| What you should do |
For the material below, reproduce exactly each line from the one that has "Chinese-American Librarians Association" through the one that has "JOINT PRESS RELEASE", and no others; pictures stay out.

| Records |
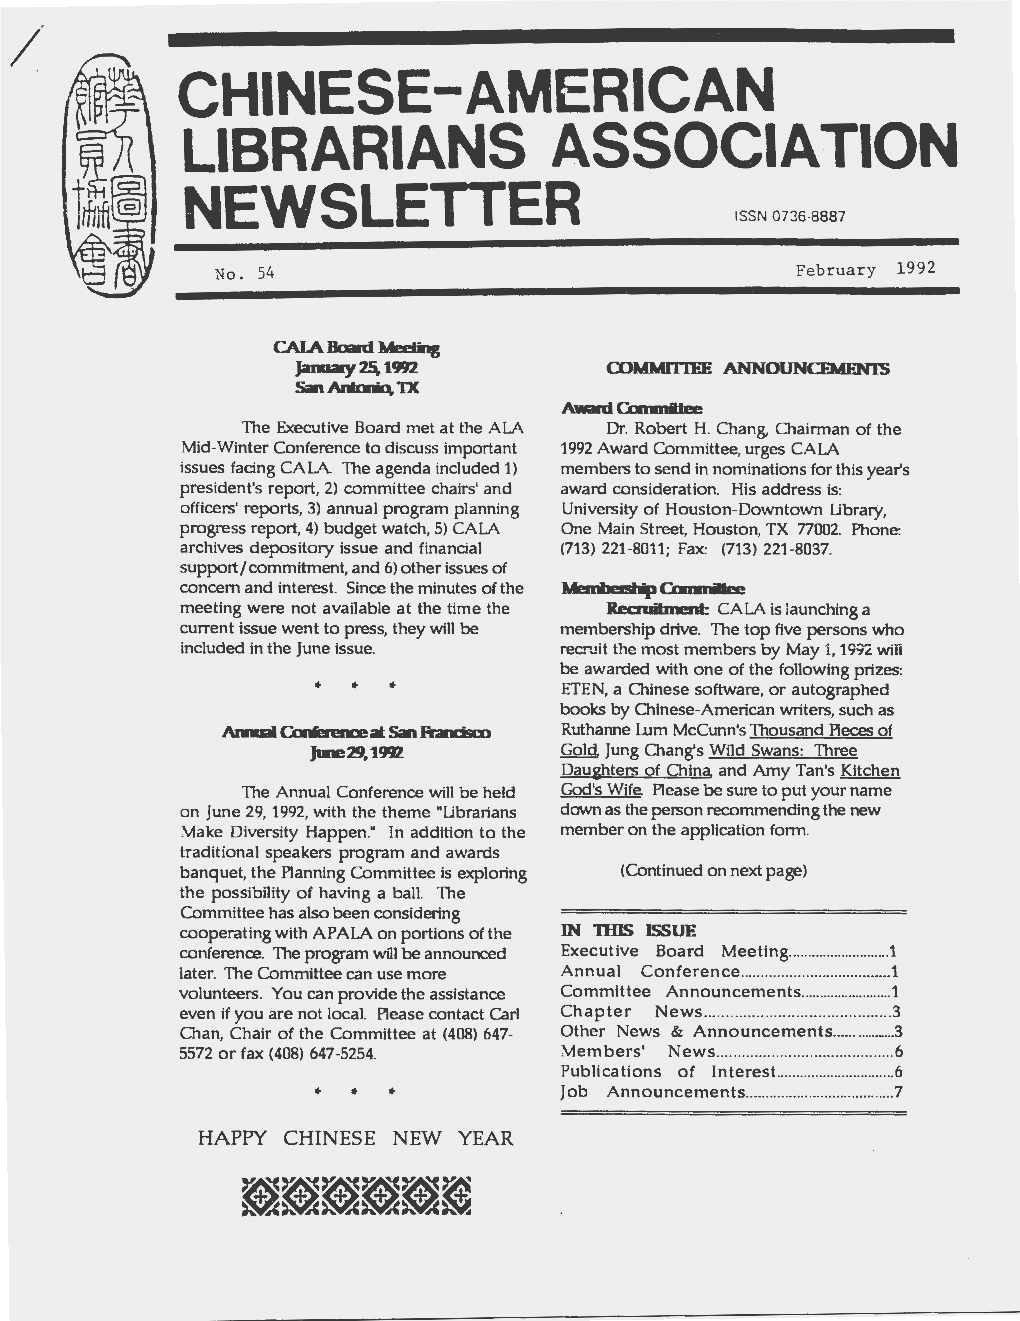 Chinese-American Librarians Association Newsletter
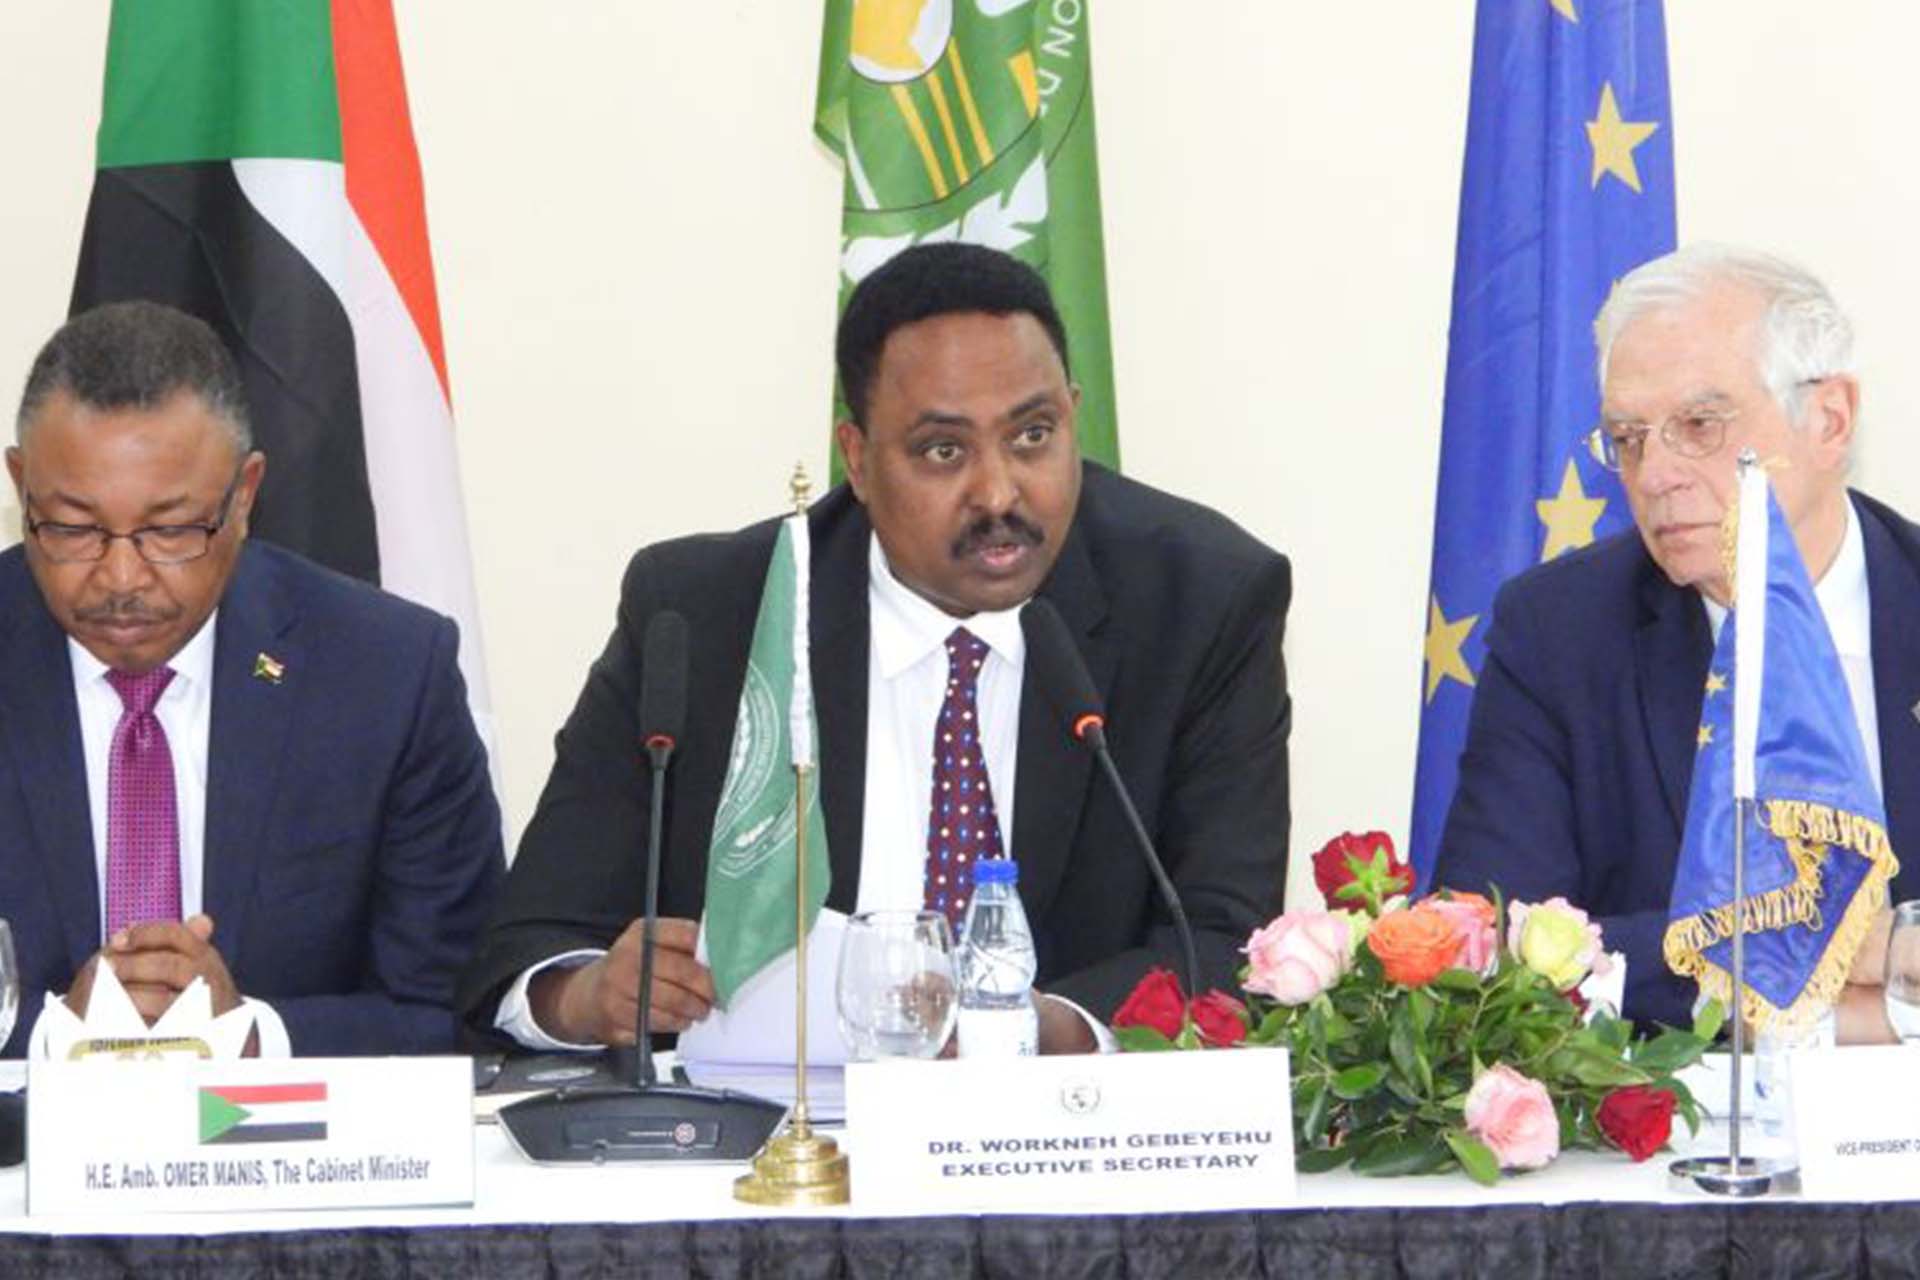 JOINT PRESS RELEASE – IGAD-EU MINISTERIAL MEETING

--

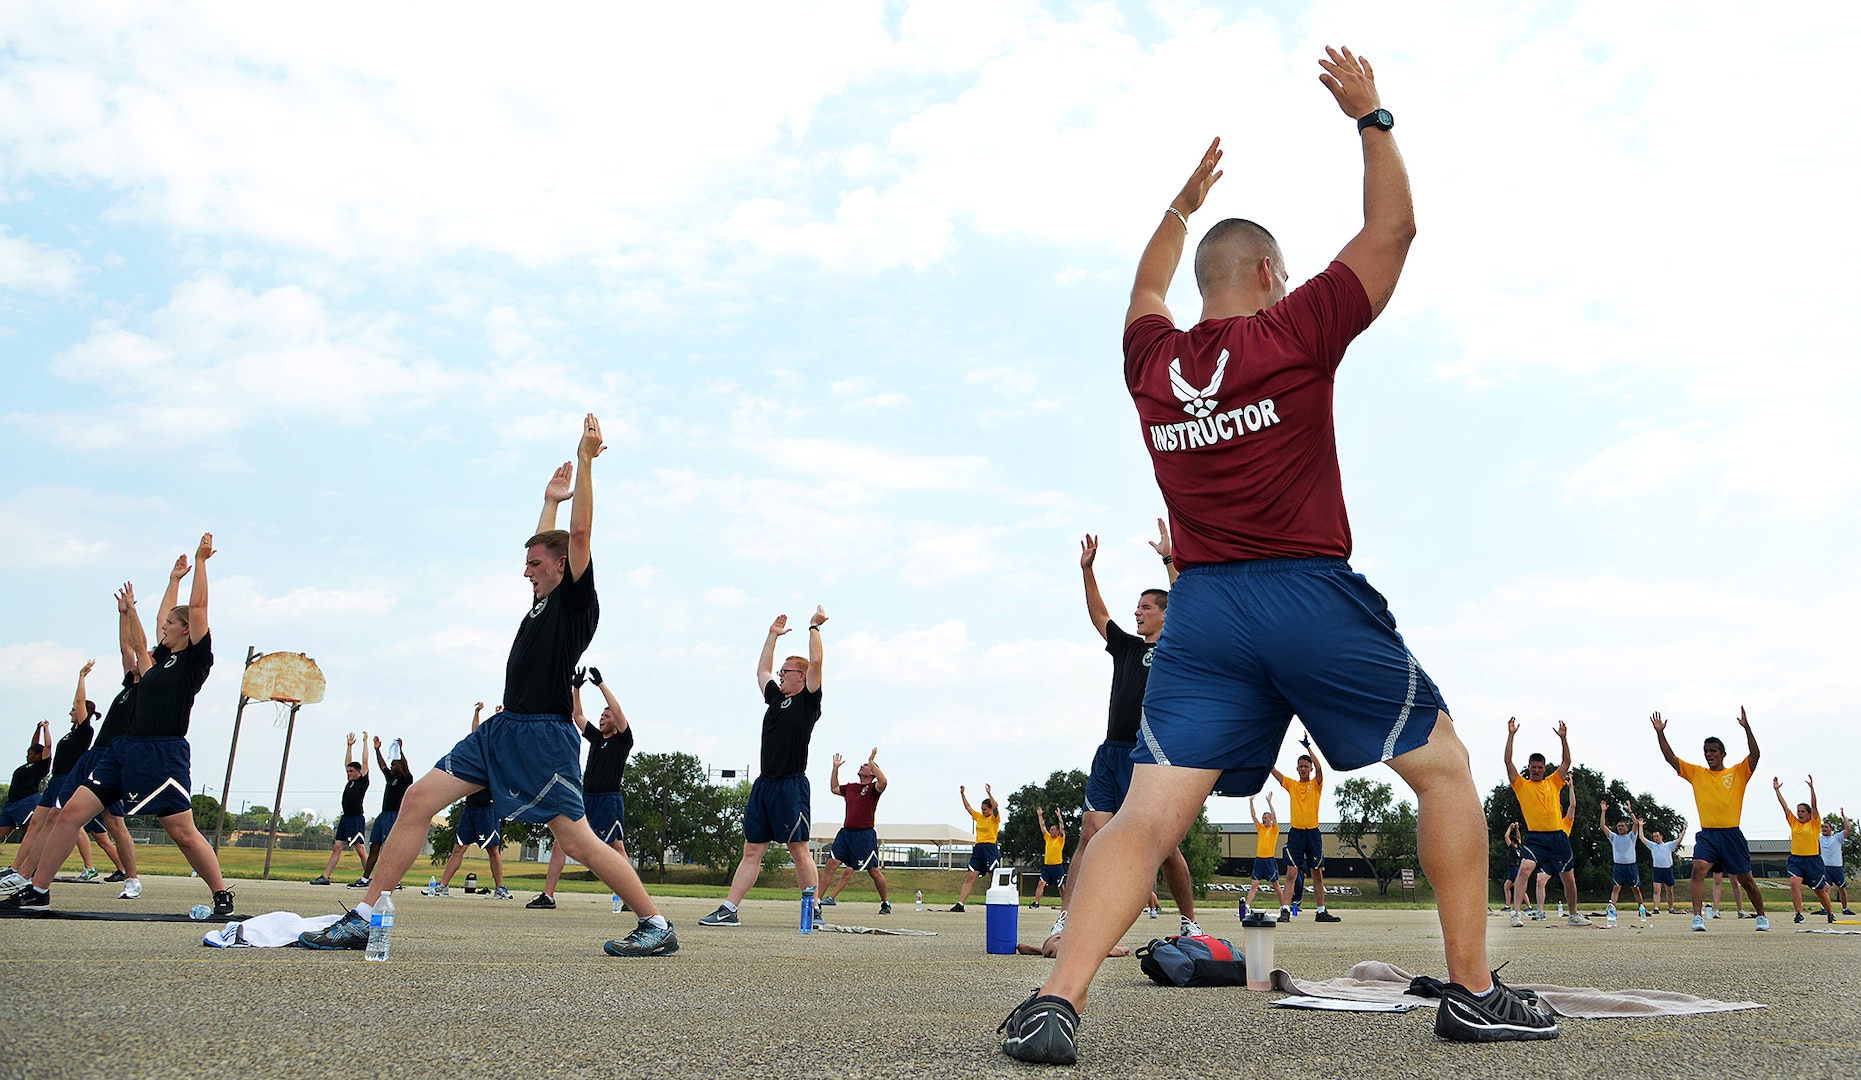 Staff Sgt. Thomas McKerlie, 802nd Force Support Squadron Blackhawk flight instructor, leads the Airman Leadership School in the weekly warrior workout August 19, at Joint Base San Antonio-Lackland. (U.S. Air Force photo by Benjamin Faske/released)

--

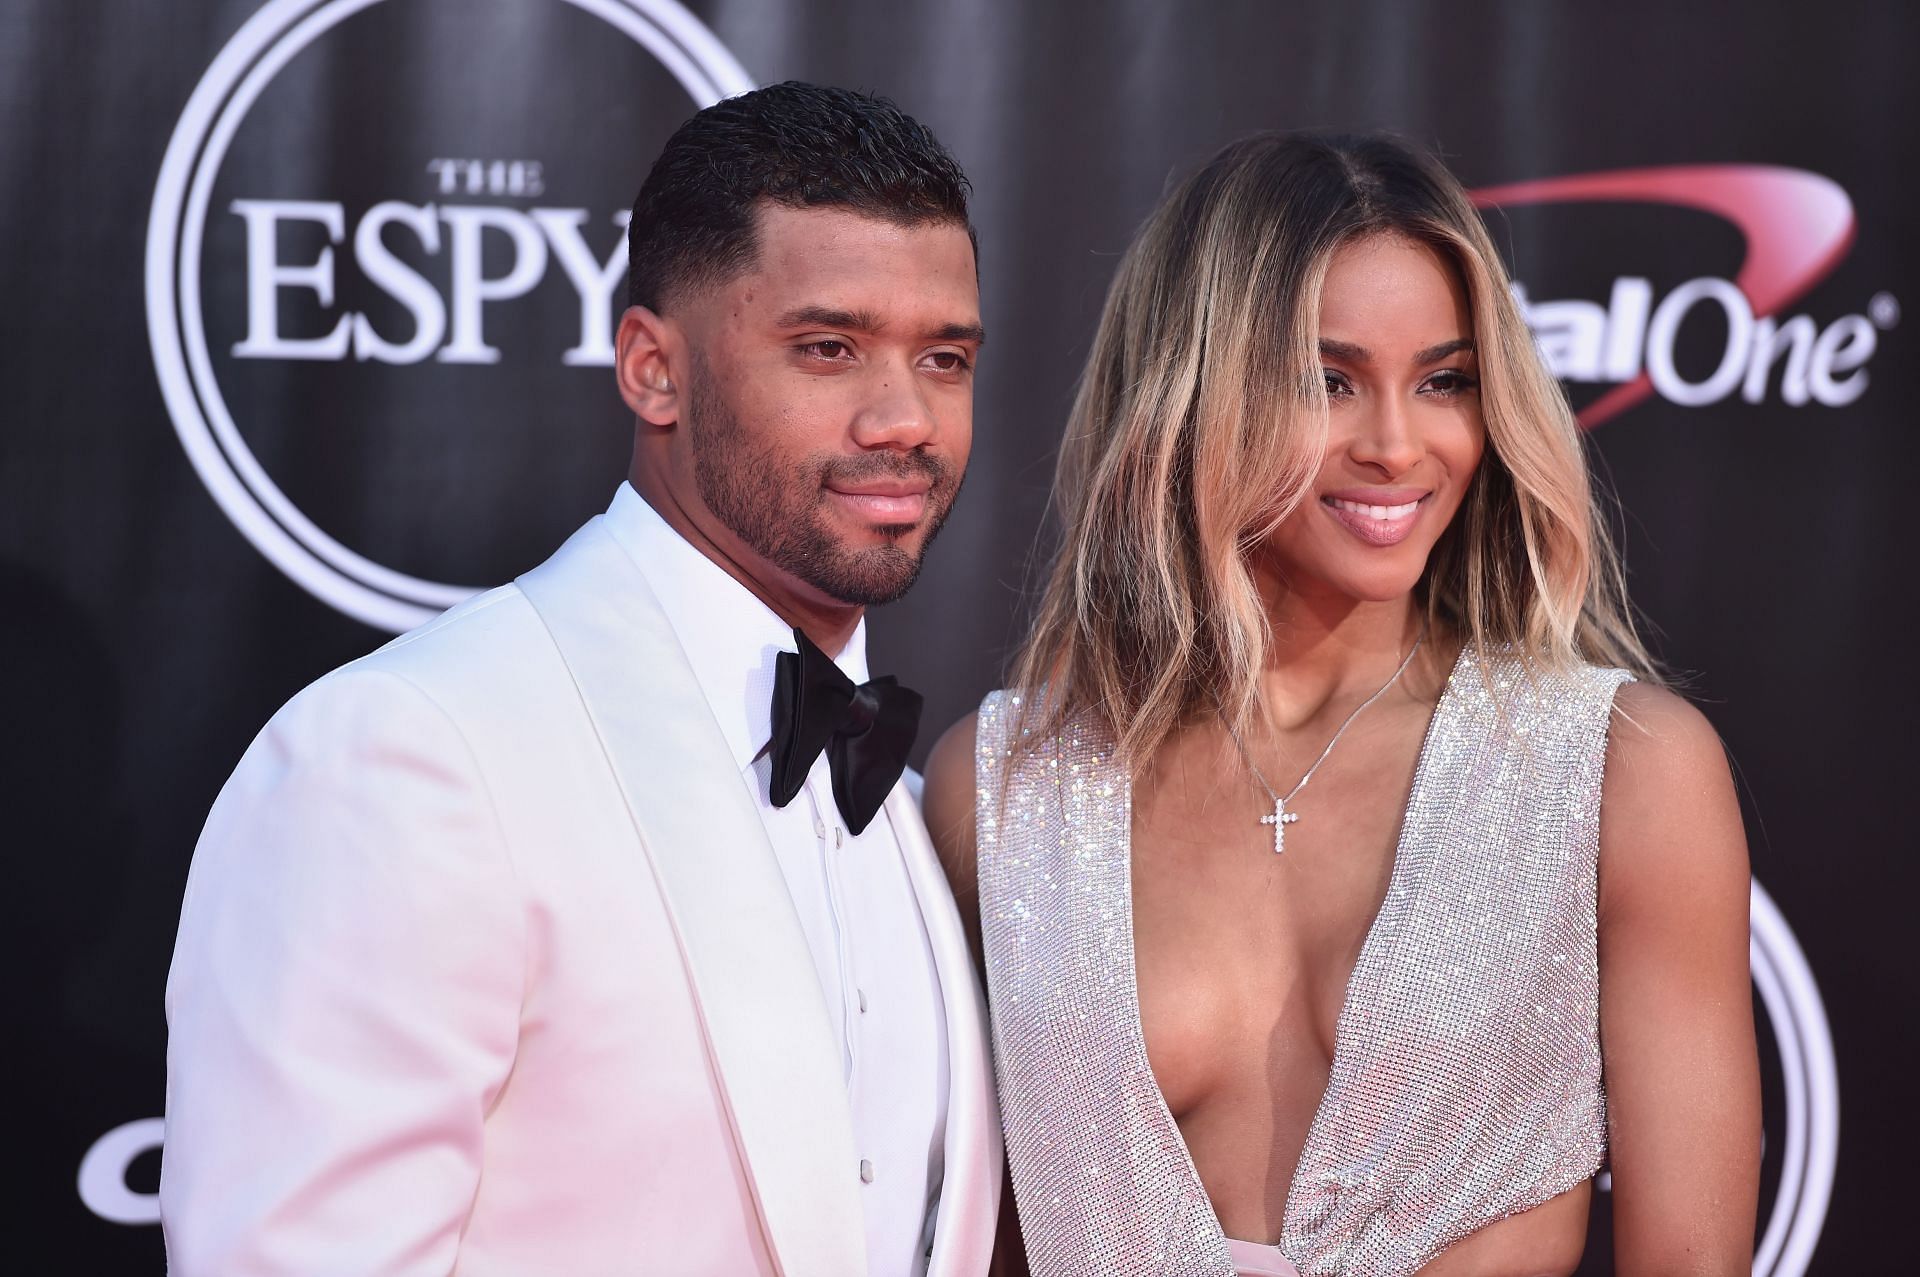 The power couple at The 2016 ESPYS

| Solution to this task |
 Chinese-American Librarians Association Newsletter
 JOINT PRESS RELEASE – IGAD-EU MINISTERIAL MEETING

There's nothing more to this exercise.